Elon Musk, su equipo de trabajo y todos sus trabajadores y sus empresas son una evidencia de la eternidad que Dios nuestro Creador ha implantado en nuestros corazones.
Los diccionarios definen a la “Eternidad” (del latín aeternitas) como algo que no tiene principio ni fin, o que está completamente fuera del flujo del tiempo. La eternidad, en consecuencia y en última instancia, es la ausencia total de limitaciones.
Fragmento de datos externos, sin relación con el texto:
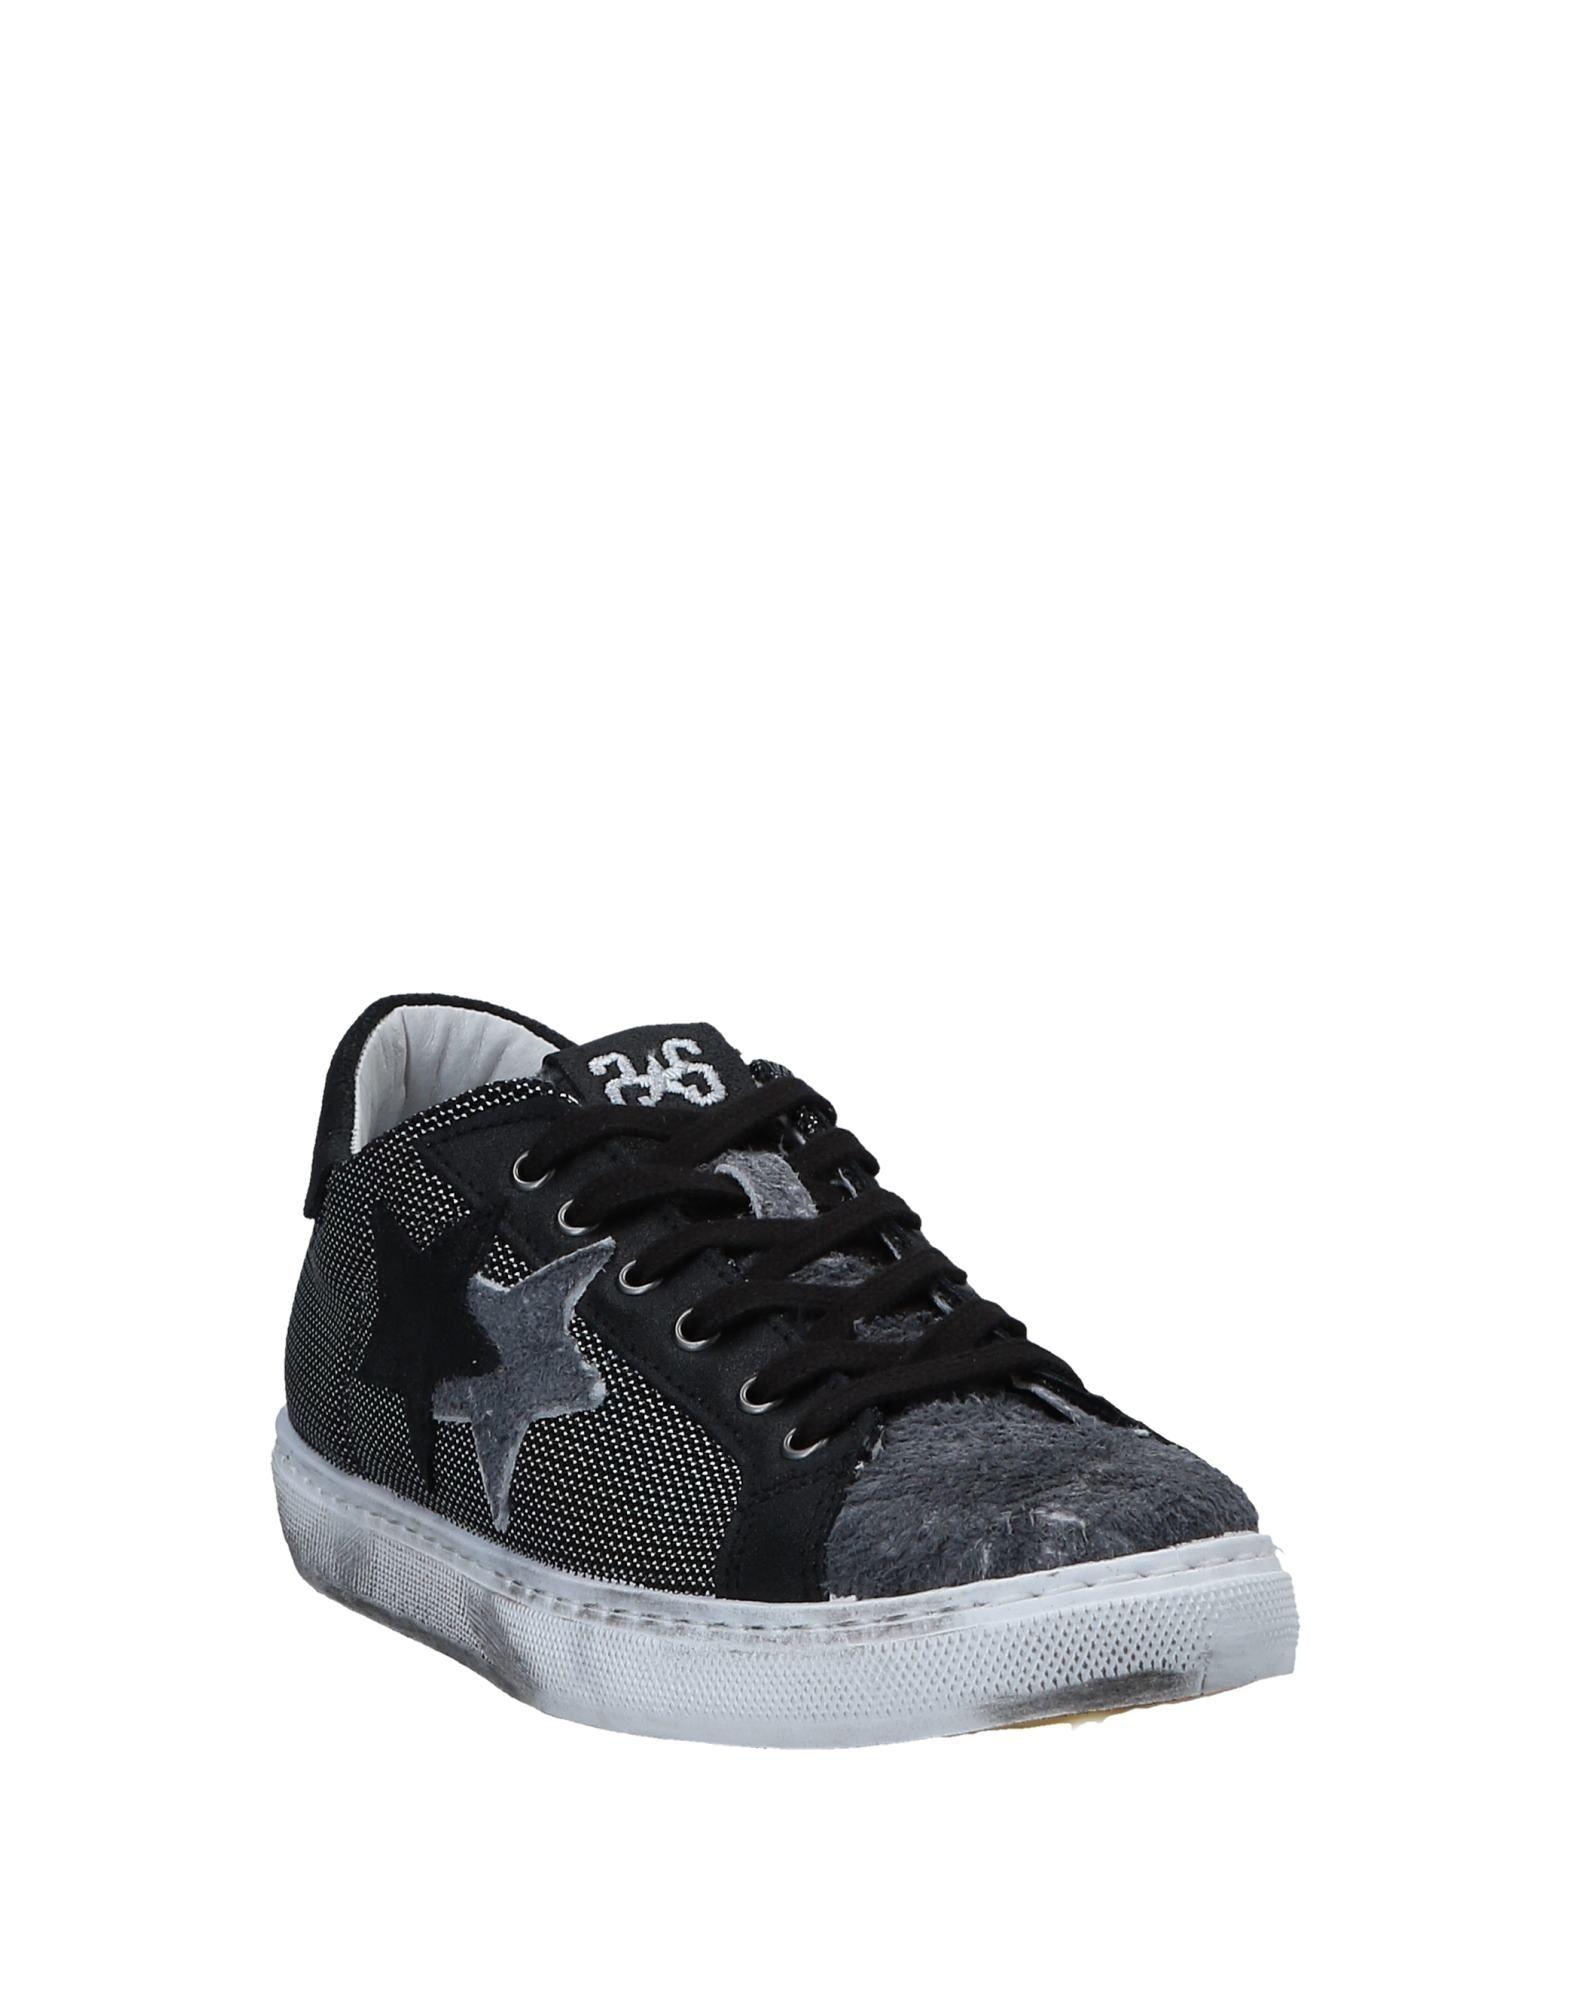 2Star Sneakers - Men  2Star Sneakers online on  Men Australia - 11555262TI 39980e

En forma práctica y vivencial, en el ser humano, la eternidad, que le es inherente, se expresa en: 1) Ir contra lo que lo limita, 2) Mejorar, mejorar y mejorar, 3) Ir cada vez más veloz y más lejos, 4) Hacer las cosas cada vez más grandes o más chicas, etc. La eternidad es lo que hace que la humanidad no se rinda ante la adversidad, sino que la sobrelleva, la supera y la transforma.
La eternidad se ha expresado en gente como Elon Musk y otros, que son quienes llevan a la humanidad a estadios superiores. Muchos de estos hombres creían en Dios y hacían lo que hacían por él, en él y para él (Isaac Newton, 1643–1727; Blaise Pascal, 1623–1662; Wernher von Braun, 1912–1977), pero muchos no tomaban en cuenta a Dios y hasta negaban su existencia (Alan Turing, 1912–1954; Claude Shannon, 1916–2001; Stephen Hawking, 1942–2018).
Yo no sé qué es lo que piensa y cree del Dios de la Biblia Elon Musk y toda la gente que trabaja con él. Tampoco sé si es que él y ellos hacen lo que hacen porque creen en Dios y porque saben que el universo es su obra, y que como tal, así como se puede conocer a Dios, se puede también conocer e investigar su universo e ir cada vez más allá.
Mi nota tiene por objeto mostrar que Elon Musk, su equipo de trabajo y sus empresas son una evidencia concreta y contemporánea de que lo que escribió Salomón en Eclesiastés 3:11 es totalmente cierto e indubitable: “Todo lo hizo hermoso en su tiempo; y ha puesto eternidad en el corazón de ellos, sin que alcance el hombre a entender la obra que ha hecho Dios desde el principio hasta el fin.”
El sabio que escribió Eclesiastés presenta tres verdades claves sobre el universo, la humanidad y Dios:
El Universo es hermoso, infinito e incontenible.
El hombre tiene eternidad en su corazón y es quien disfruta la belleza del universo y quien intenta entender y contener la obra inmensurable (Su Creación) de Dios.
El Universo y el Ser Humano son obra de Dios y solamente se entienden y se usan bien a partir de creer en él, seguirle o de ser su criatura aun cuando uno lo niegue y no lo acepte.